Бессонница Конрада имела три фазы. Сначала – вроде вот-вот должен уснуть, но принял горизонталь – и ни в одном глазу. Вторая – суицидальный кошмар на фоне сатириаза, чрезвычайной чесотки члена. Третья – всё по фигу, кайф, изменённое состояние сознания, всё выпуклое и красочное, и чириканье ранних птах в ушах. Только распоряжения Анны усугубляли вторую фазу и «ломали» третью.
И лишь под утро отрубаешься, проваливаешься в омут, чтобы довольно скоро, часов в одиннадцать очнуться и ощутить ломку, как будто похмельный синдром, словно проехалась по тебе танковая дивизия.

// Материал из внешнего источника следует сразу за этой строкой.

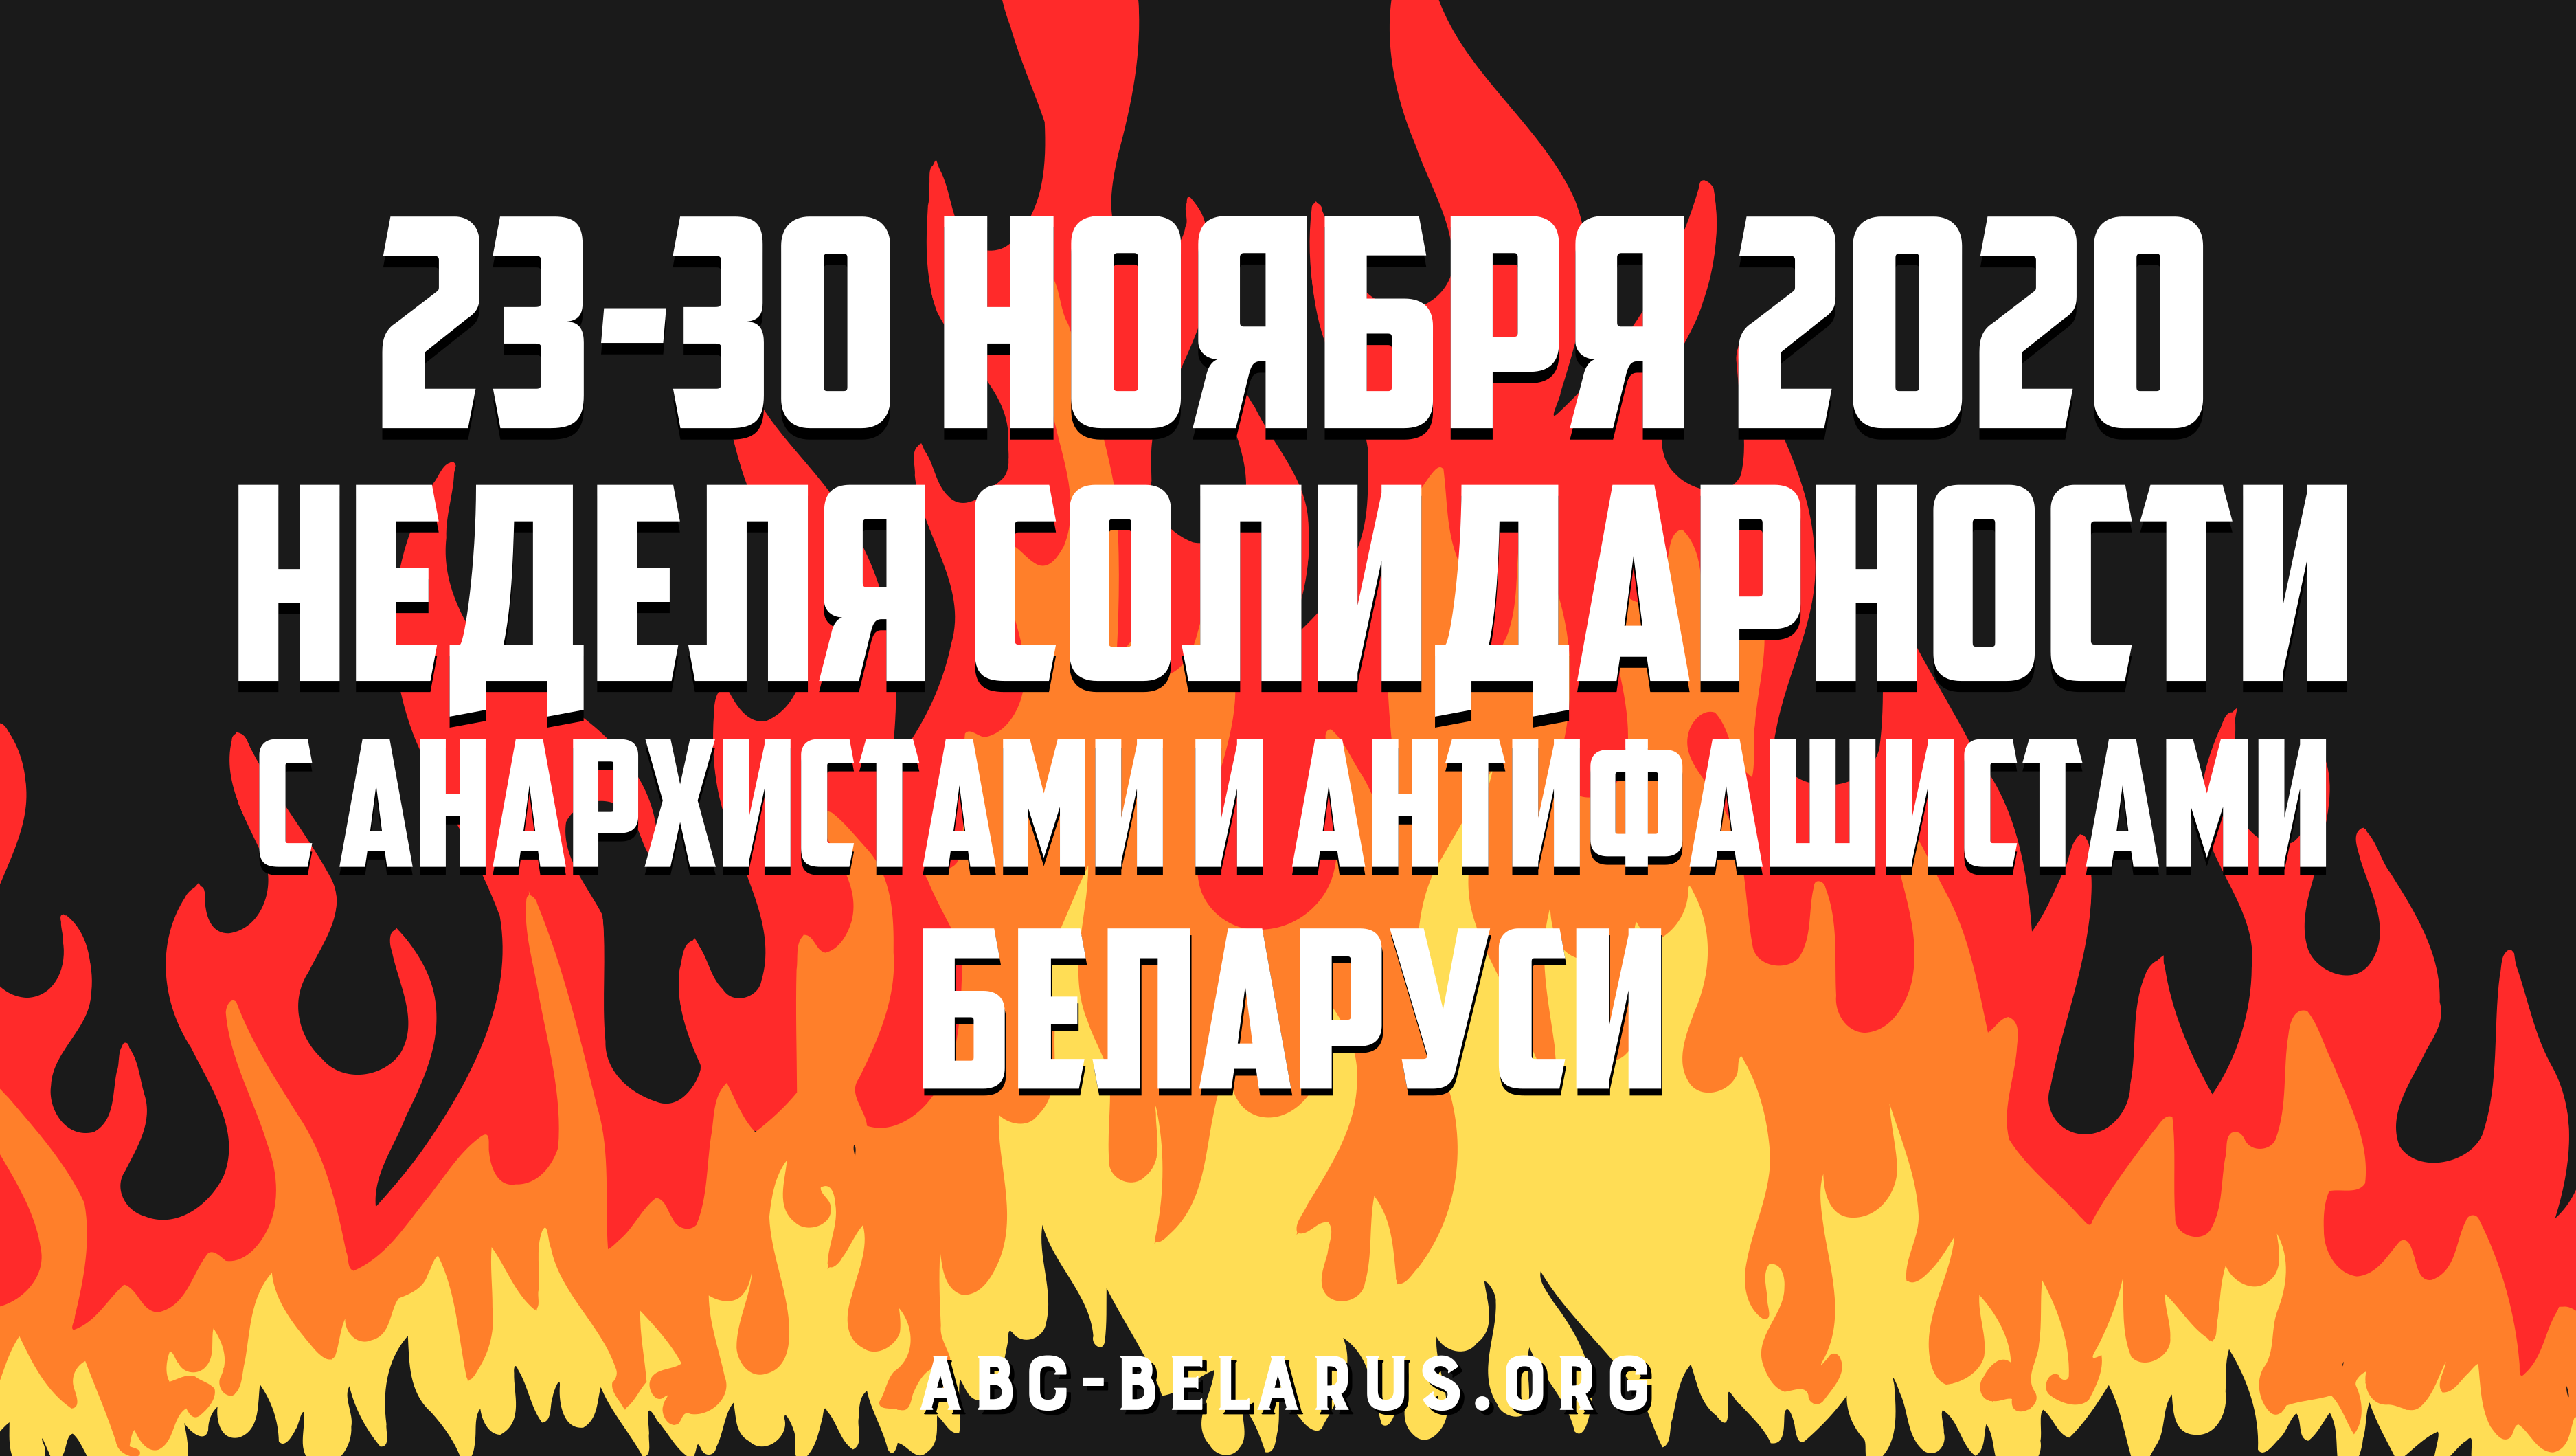 Call for a week of solidarity with anarchists and antifascists of Belarus 23-30 November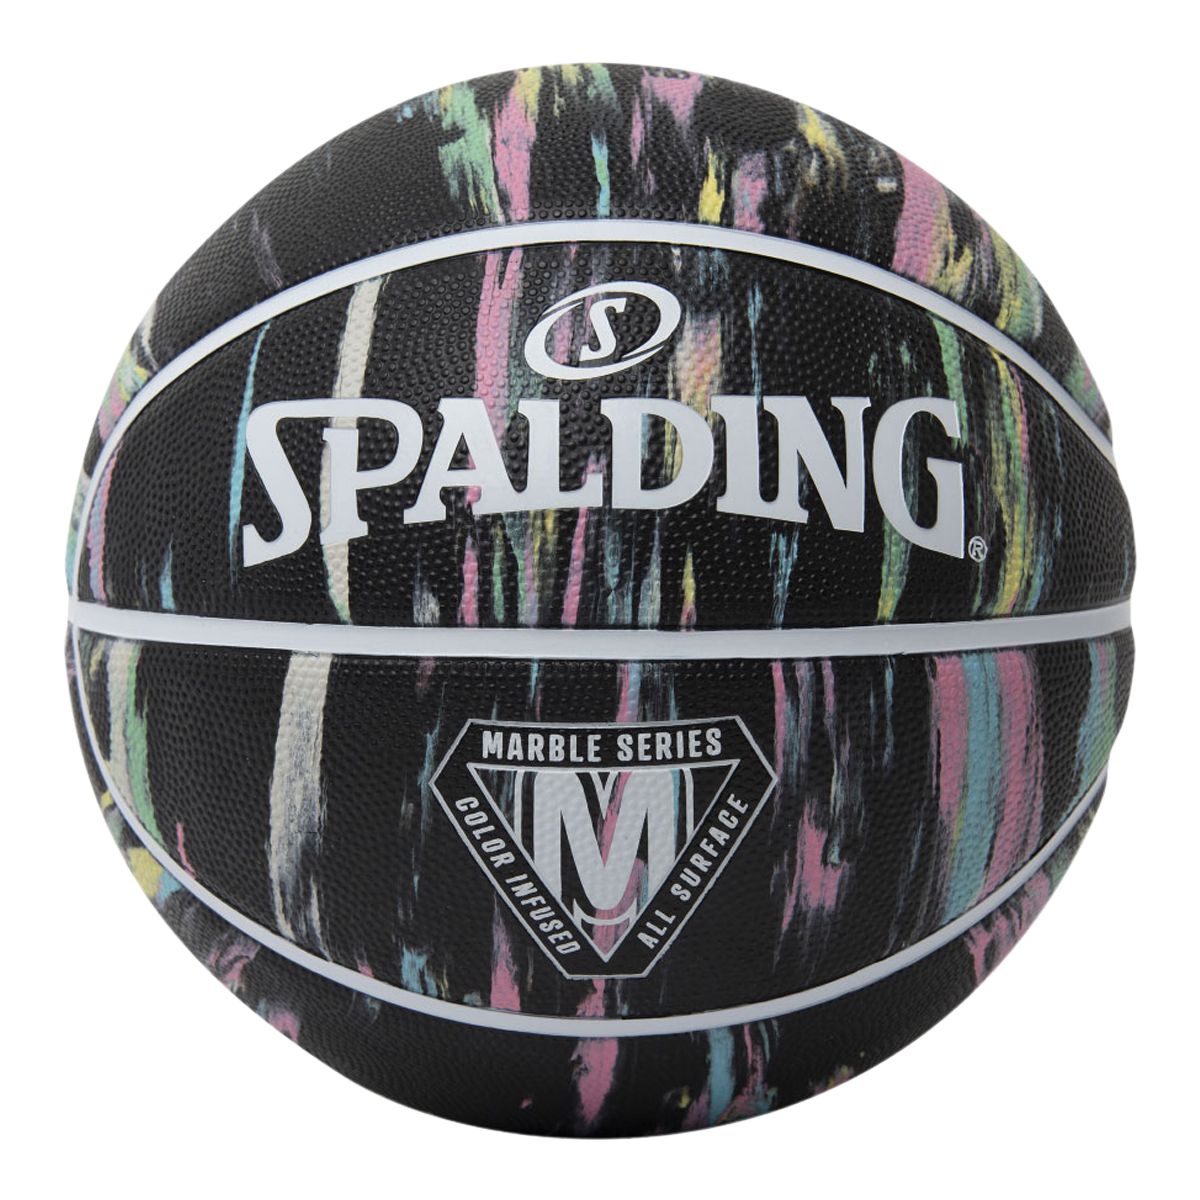 Image of Spalding Marble Series Basketball Size 6 Outdoor

Снотворного у Конрада было слишком мало, чтобы глотать его каждый вечер. Поэтому до пяти-шести часов утра он бестолково ворочался с боку на бок, читал старые газеты, без устали мастурбировал и горько плакал без слёз.
Однажды в разгар подобной бессонной ночи перед ним предстала Анна в ночной рубашке и зашипела:
– Вы всё колобродите, мешаете папе спать. Включаете ночью магнитофон…
– На предельный минимум.
– У папы достаточно чуткий сон, чтобы услышать. Здесь акустика…
– Я больше не буду, – пролепетал Конрад.
– А ложиться спать пораньше вы не можете? Не могу же я по десять раз на дню подогревать для вас завтрак!.. У нас не ресторан. Извольте есть вместе с нами.
– Кто просит вас разогревать завтрак? Я сам могу.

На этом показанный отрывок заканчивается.